The collections module is built in module that implements specialized container data types that are alternatives to Python's general purpose built in containers

We've already gone over the basics: list, tuple, set, and dict

Counter is a dict subclass which helps count hashable objects. 

Inside of it, elements are stored as dictionary keys and the counts of objects are stored as the value.

In [1]:
# counter

from collections import Counter

In [2]:
l = [1,1,1,1,2,2,2,2,3,3,3,3,4,4,4,4,5,5,5]

In [3]:
Counter(l) #counts how many times each value shows up

Counter({1: 4, 2: 4, 3: 4, 4: 4, 5: 3})

In [4]:
s = 'aaaaaaaaaasssssssssssssggggggggggggggggghhhhhhheeeeee'

In [5]:
Counter(s) # counts how many times each letter shows up

Counter({'a': 10, 's': 13, 'g': 17, 'h': 7, 'e': 6})

In [9]:
# how many times does each word show up in a sentence?

s = 'How many times does does does each word word show up in this this this sentence?'

In [10]:
words = s.split()

Counter(words)

Counter({'How': 1,
         'many': 1,
         'times': 1,
         'does': 3,
         'each': 1,
         'word': 2,
         'show': 1,
         'up': 1,
         'in': 1,
         'this': 3,
         'sentence?': 1})

In [11]:
c = Counter(words) # we can run various methods off of a Counter object

In [13]:
c.most_common(3) # 3 most common words

[('does', 3), ('this', 3), ('word', 2)]

Common methods off Counter object:

-- sum(c.values()) - total of all counts

-- c.clear() - reset all counts

-- list(c) - list unique elements

-- set(c) - convert to set

-- dict(c) - convert to regular dictionary

-- c.items() - convert to list of (element, count) pairs

-- Counter(dict(listofpairs)) - convert from list of (element, count) pairs 

-- c.most_common()[:-n-1:-1] - find n least common elements

-- x += Counter() - remove zero and negative counts

In [14]:
sum(c.values())

16

In [16]:
list(c)

['How',
 'many',
 'times',
 'does',
 'each',
 'word',
 'show',
 'up',
 'in',
 'this',
 'sentence?']

In [17]:
set(c)

{'How',
 'does',
 'each',
 'in',
 'many',
 'sentence?',
 'show',
 'this',
 'times',
 'up',
 'word'}

In [18]:
dict(c)

{'How': 1,
 'many': 1,
 'times': 1,
 'does': 3,
 'each': 1,
 'word': 2,
 'show': 1,
 'up': 1,
 'in': 1,
 'this': 3,
 'sentence?': 1}

In [19]:
c.items()

dict_items([('How', 1), ('many', 1), ('times', 1), ('does', 3), ('each', 1), ('word', 2), ('show', 1), ('up', 1), ('in', 1), ('this', 3), ('sentence?', 1)])

In [20]:
c.most_common()[:-3-1:-1] 

[('sentence?', 1), ('in', 1), ('up', 1)]

## defaultdict()

defaultdict is a dictionary like object which provides all methods from dictionary but takes first argument default_factory as default data type for the dictionary.

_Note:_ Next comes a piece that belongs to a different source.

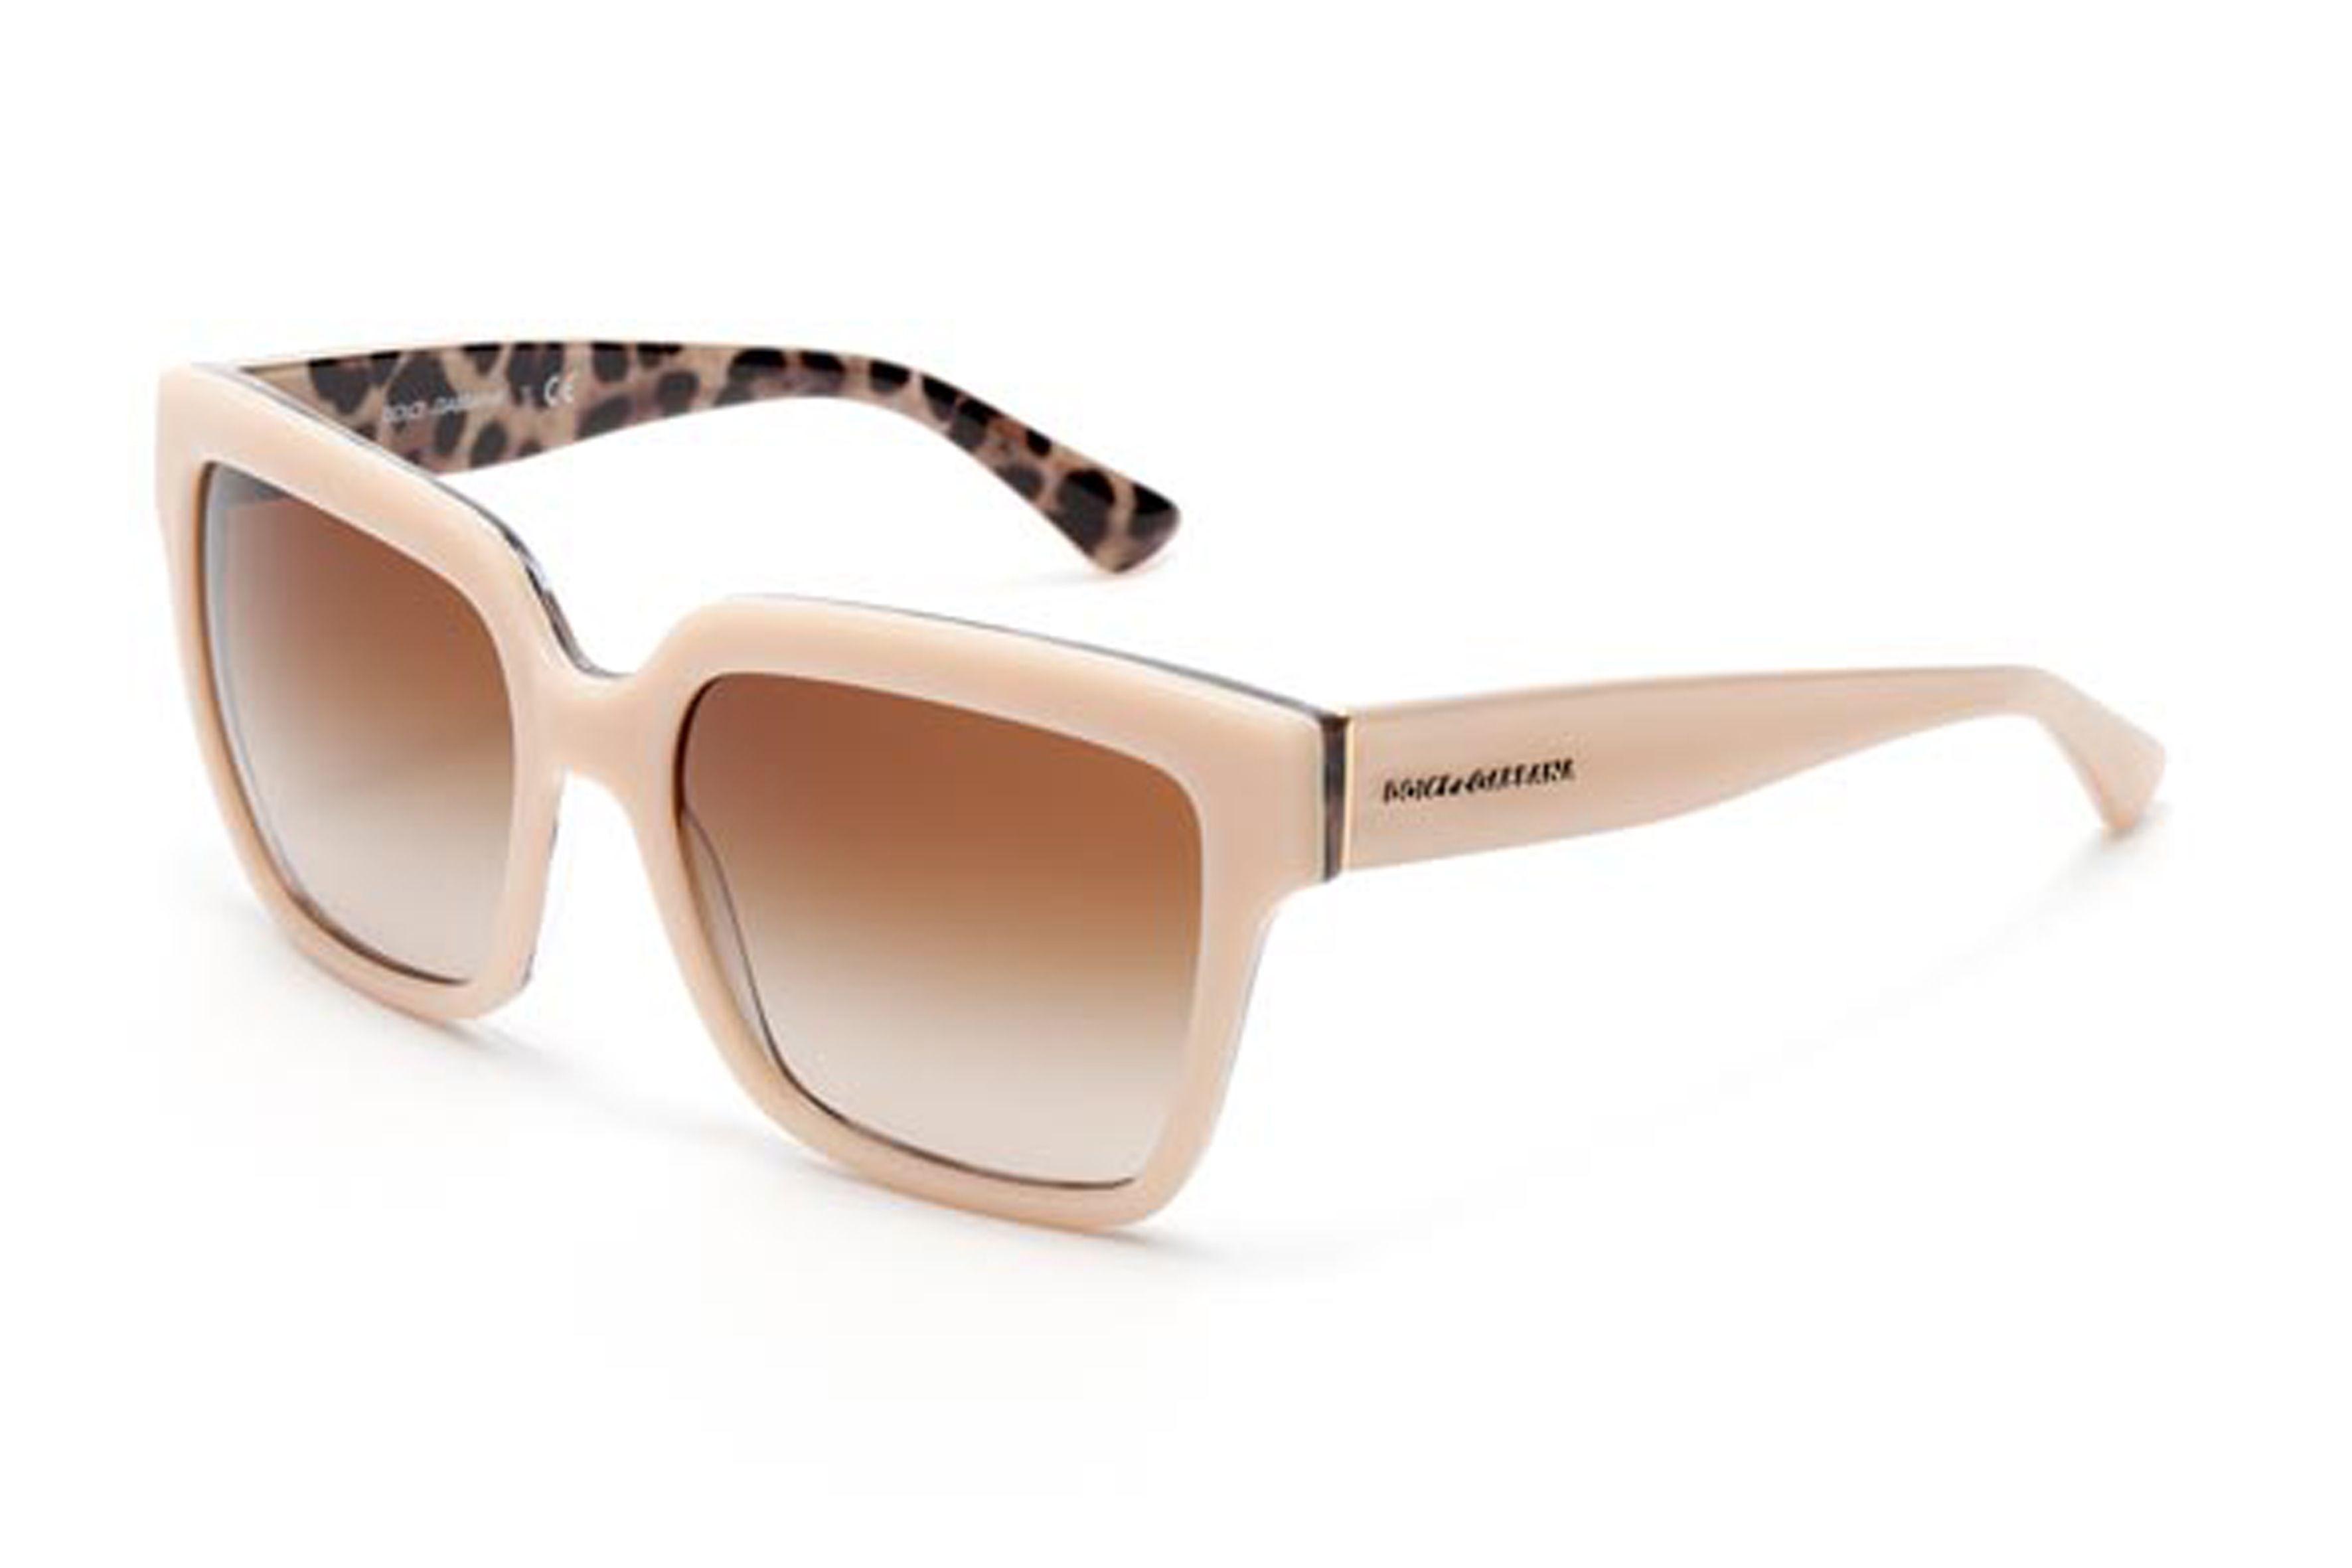 Solaires - Dolce Gabbana - 163€   Janette fait ses emplettes SS15 ... cf971c50a631
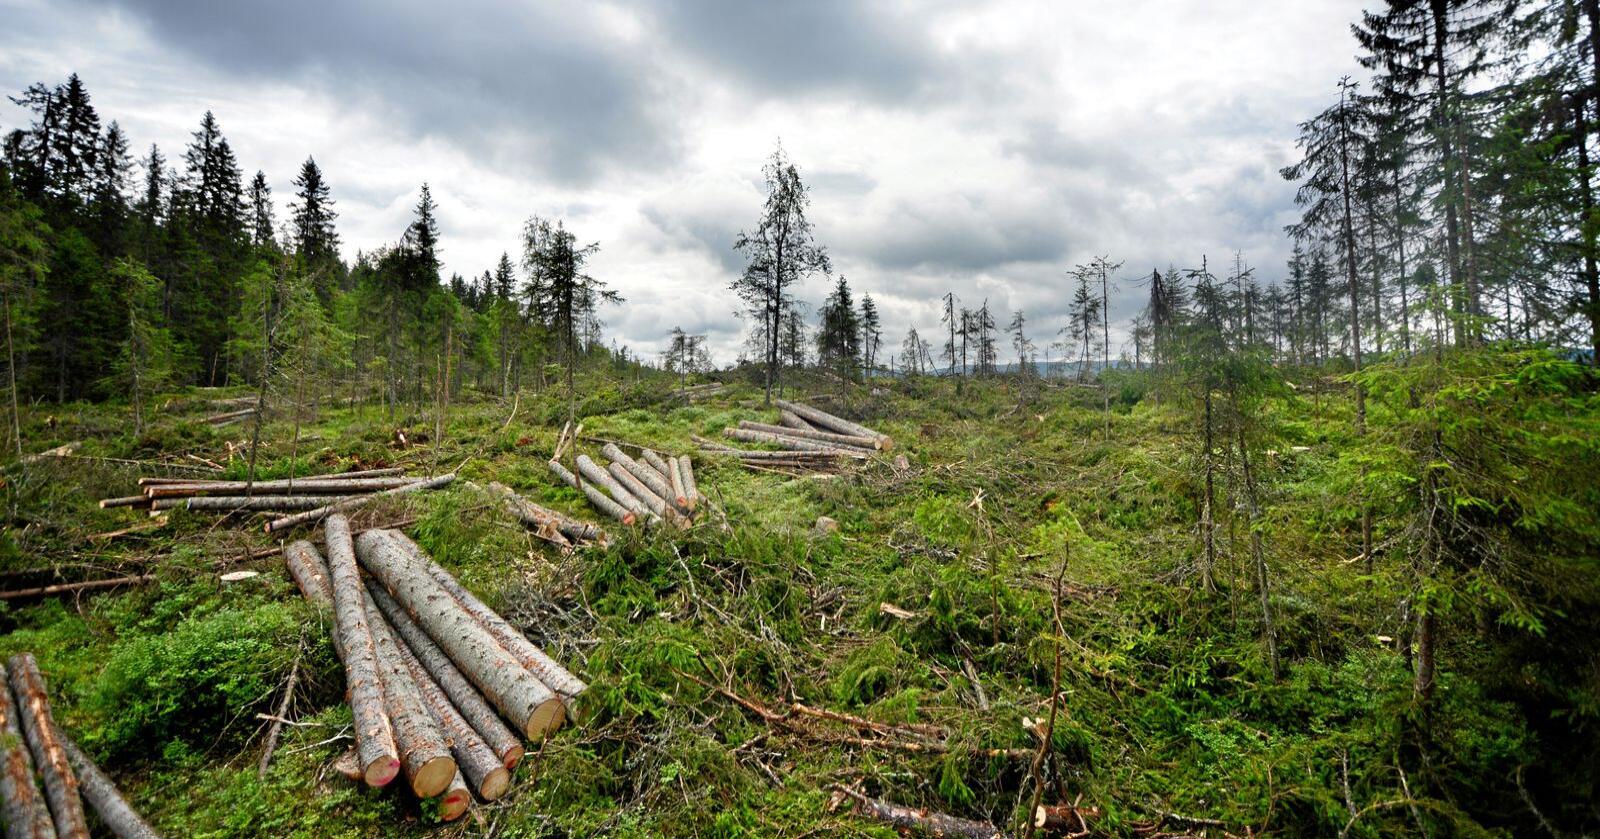 Kunnskap om og refleksjoner over tidligere tiders bruk gir nyttige anvisninger om hvordan skogskjøtselen bør innrettes fremover, skriver kronikkforfatterne. Foto: Siri Juell Rasmussen

Using defaultdict is faster than doing the same dict.set_default method

A defaultdict will never raise a key error. Any key that does not exist gets the value returned by the default factory.

In [21]:
from collections import defaultdict

In [23]:
d = {'k1':1}

In [24]:
d['k1']

1

In [25]:
d['k2'] # error because value is not in the dictionary

KeyError: 'k2'

In [26]:
d2 = defaultdict(object)

In [27]:
d2['one'] # one does not exist in defaultdict yet, so it returns object

<object at 0x20b058ebc40>

In [28]:
for item in d2:
    print(item) # now it is in the defaultdict

one


In [29]:
d3 = defaultdict(lambda: 0)

In [30]:
d3['one'] # automatic assignment

0

In [31]:
d3['two'] = 2 # manual assignment

In [33]:
print(d3)

defaultdict(<function <lambda> at 0x0000020B09C83598>, {'one': 0, 'two': 2})


## OrderedDict

An ordered dictionary is a dictionary subclass that remembers the order in which its contents are added


In [34]:
# normal dictionary

d = {}

d['a'] = 1
d['b'] = 2
d['c'] = 3
d['d'] = 4
d['e'] = 5

In [35]:
d

{'a': 1, 'b': 2, 'c': 3, 'd': 4, 'e': 5}

In [38]:
for k,v in d.items():
    print(k,v)

a 1
b 2
c 3
d 4
e 5


In [39]:
from collections import OrderedDict

In [40]:
# same thing as before but with OrderedDict

d = OrderedDict()

d['a'] = 1
d['b'] = 2
d['c'] = 3
d['d'] = 4
d['e'] = 5

In [41]:
for k,v in d.items():
    print(k,v)

a 1
b 2
c 3
d 4
e 5


In [46]:
d1 = {}

d1['a'] = 1
d1['b'] = 2

d2 = {}

d2['b'] = 2
d2['a'] = 1

In [47]:
d1

{'a': 1, 'b': 2}

In [48]:
d2

{'b': 2, 'a': 1}

In [49]:
d1 == d2 # returns true because contents are the same even though ordered differently

True

In [50]:
d1 = OrderedDict()

d1['a'] = 1
d1['b'] = 2

d2 = OrderedDict()

d2['b'] = 2
d2['a'] = 1

In [51]:
d1 == d2 # now it is false because they are not in the same order

False

## namedtuple

A standard tuple uses numerical indexing to access its members

This is usually fine, but remembering which index houses each value can sometimes lead to errors

A namedtuple assigns as well as a numerical index to each member

Each kind of namedtuple is represented by its own class created by namedtuple()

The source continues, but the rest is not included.